All of the records should be reproduced word for word, but no images may appear in the copy.

Data entries:
::::

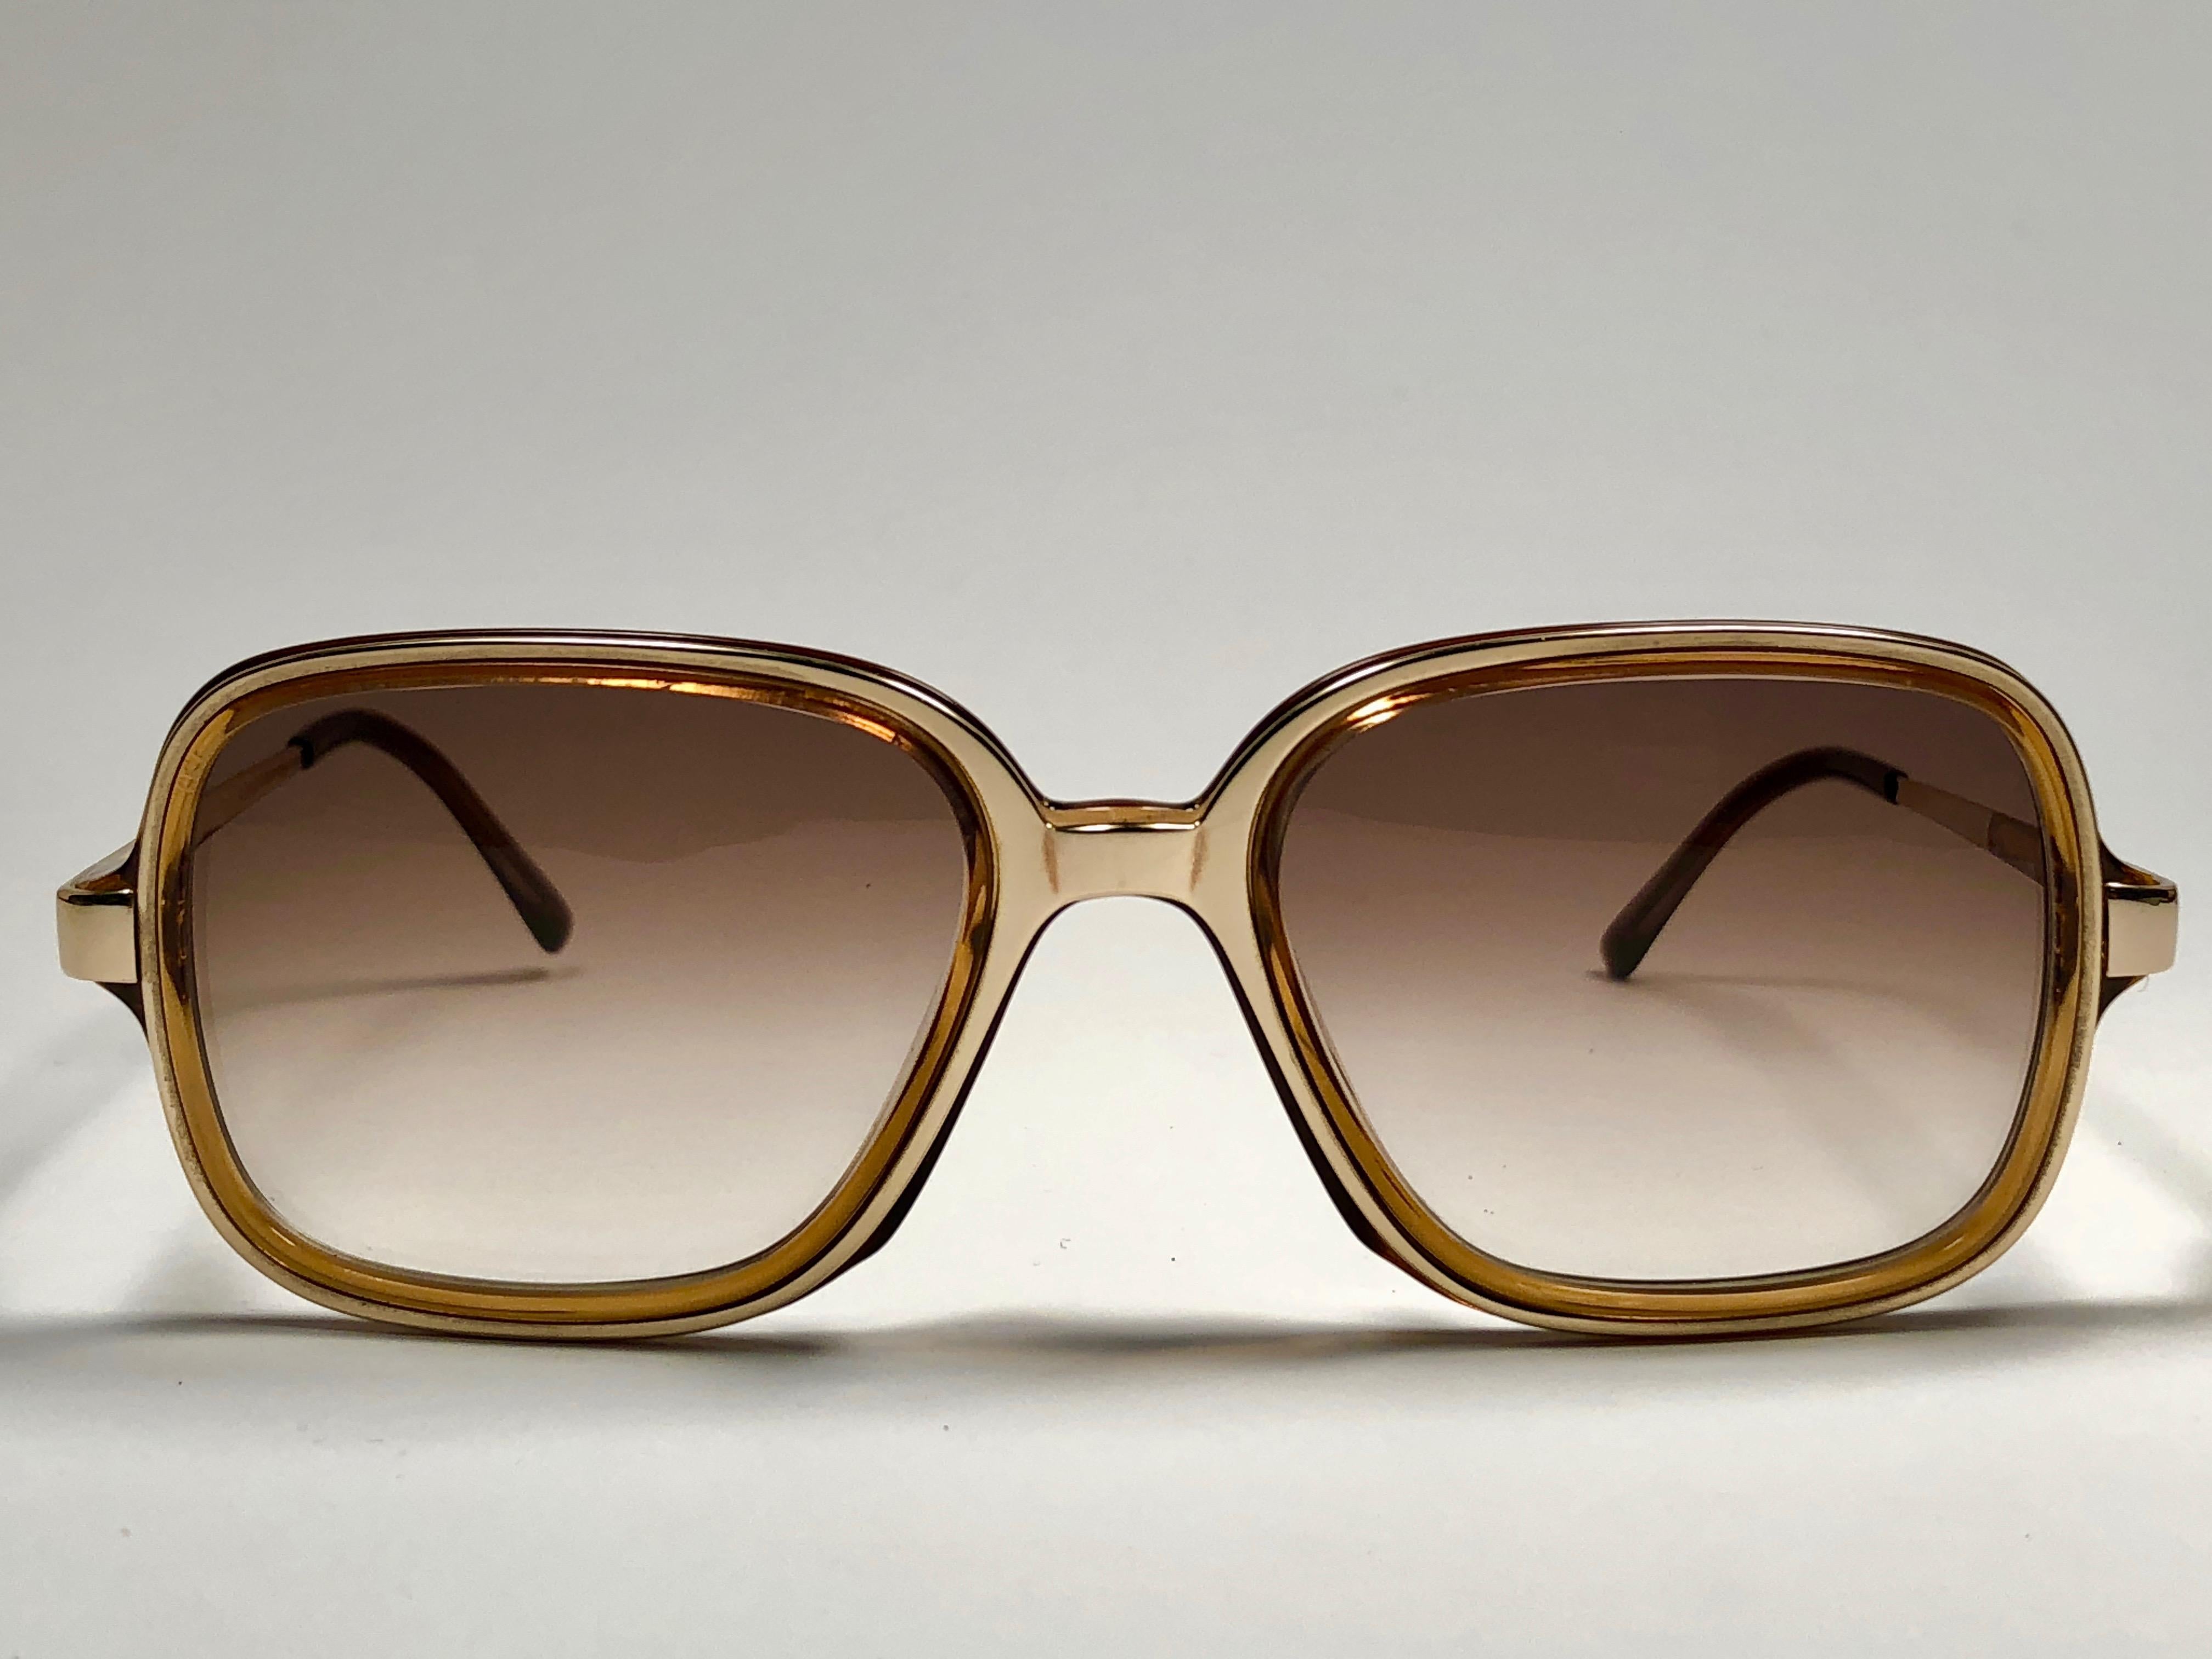 New vintage Christian Dior Monsieur gold & amber details frame.

Spotless brown gradient lenses.

Comes with it original CD Monsieur sleeve.

New, never worn or displayed this item may show light sign of wear due to storage.

Made in Austria

::::

» **Solution**
 New vintage Christian Dior Monsieur gold & amber details frame.

Spotless brown gradient lenses.

Comes with it original CD Monsieur sleeve.

New, never worn or displayed this item may show light sign of wear due to storage.

Made in Austria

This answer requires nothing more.